Helmet-to-Helmet Rule is Too Much

It is easy for the fat-cat bureaucrats and executive to sit in luxury boxes and the comfort of air-conditioning and make up rules for the game of football. Whether it is college or professional football, I am not a fan of one of the more recently emphasized rules: helmet-to-helmet contact. In the words of Oklahoma State Head Coach Mike Gundy, who by the way got handled this past weekend by second year Head Coach Kevin Sumlin and the Houston Cougars, “This ain’t intramurals! This is the Big 12!”

As always, I am never advocating violence or unfair play, but how can rules continue to be enforced putting defensive players at a disadvantage before the play even begins? I was watching college and professional football over the weekend (obviously), and stopped on the San Francisco 49ers vs. Arizona Cardinals football game. In the first quarter on the game, S Adrian Wilson was flagged on a personal foul penalty for hitting a TE Vernon Davis who was hung out to dry by QB Shaun Hill. Davis goes up to grab the ball, which was thrown a bit high by Hill.  Wilson was running towards Davis and happened to run into Davis who was coming down from leaping up to catch the pass. Wilson happened to hit his helmet as Davis was landing as Wilson was attempting to break up the pass. The pass was incomplete. Again, Davis was coming down and hit Wilson’s helmet. That resulted in an unnecessary roughness penalty of 15 yards against Wilson and the Arizona Cardinals.

WTF! What are player supposed to do? If the defensive payer does not make the defensive play his coach will scream at him, which may result in the player being sent to the bench or losing his job. If the player does not make that hit and tries to ease up on the player he is going to hit, that could result in the offensive player making the catch, which could lead to a touchdown, which results in the team losing the game, the fans and ownership becoming upset and could eventually lead to the coaching staff getting fired. I’m sorry, but as a former OFFENSIVE player, I believe that so long as a player has pads on, and the defensive player is not acting maliciously, he should be allowed to do what is necessary to “make a play” and help the team win. That is what makes up the beauty of the game and the essence of what makes a person into a “playmaker”. When the rules are already favored in one direction over another, the game does not have the same purity as it did in the past. 

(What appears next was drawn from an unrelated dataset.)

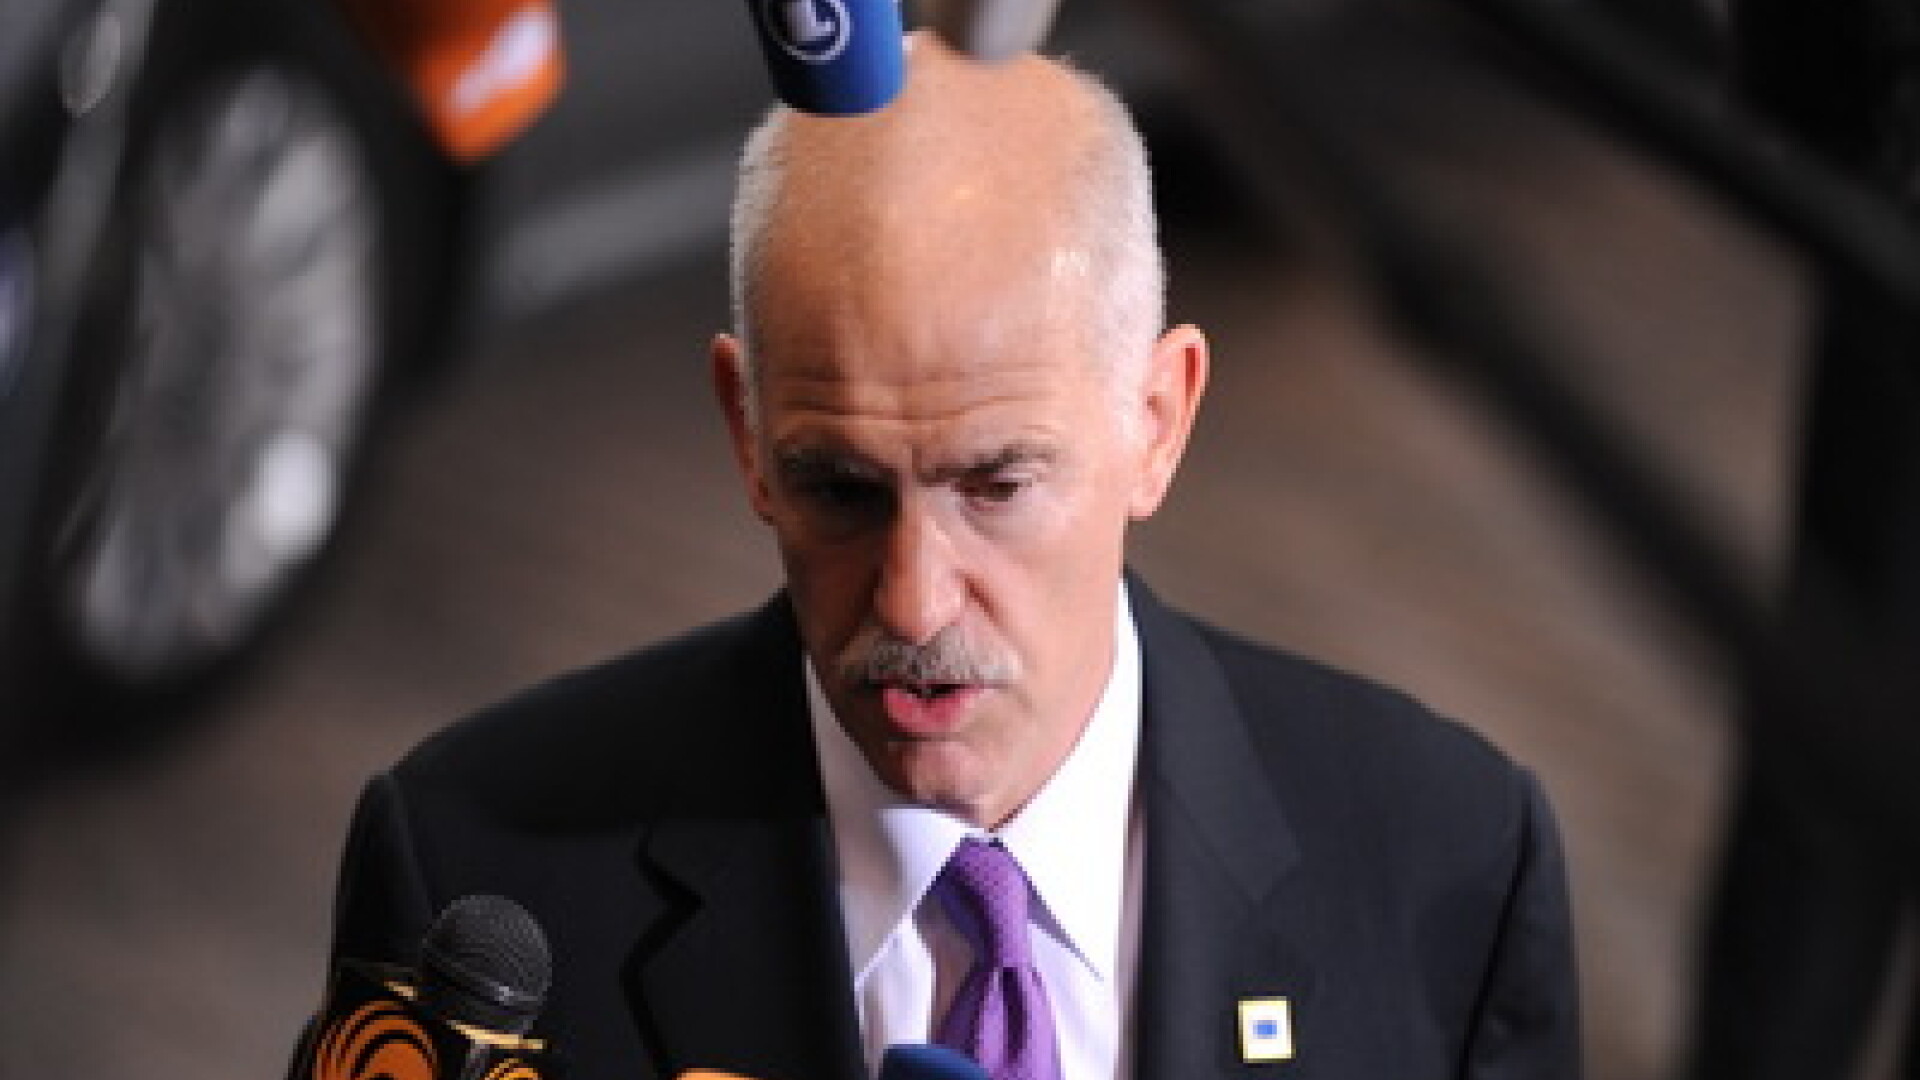 Premierul Greciei, George Papandreou

C’mon, what is Wilson supposed to do?  Since I was a little boy playing football, the common basic emphasis of tackling has always been, “See what you hit.” Now the “powers” that be, want players to hit with shoulders, inadvertently causing injury to the hitter and not the hittee. I know the rules were put in place to protect players from being hit in defenseless positions, but I think the rule has gotten out of hand and is affecting the game and the defensive player’s safety.

Defensive players are have a job to do; and so do offensive players. I would not like playing on defense under the current rules of today. Defensive players can’t touch after five yards; can not pull down a player by the shoulder pads; can not hit a player in the head who has on a helmet (that is just weird). I guess defensive players would just stand there like immovable objects and let teams do whatever they want offensively and not try to stop the opposition.  I think the game of football is losing some of the bravado that made it so great.

Ii would not surprise me if the some of the rule changes have everything to do with the lucrative television contracts signed between the television networks and the college and professional sports. The television executives need ratings and they see that as points, i.e., high-scoring football games.  There is not a lot of excitement for the casual fan who watches a game where the final score was 6-3. While it may be a great game for more progressive followers of the game, touchdowns and field goals attract new fans on a much greater scale than that of a low scoring game. Those who love football will always watch no matter what, so there is no need to cater to the “hard-core” fan.

So the rules must be skewed to cater to offenses, allowing them to score more points. While this is my opinion, I have been in many high-level executive meetings and spoken to others who have shared my same sentiments.

Conspiracy theory? You tell me. Things that make you go, hmmmmmm!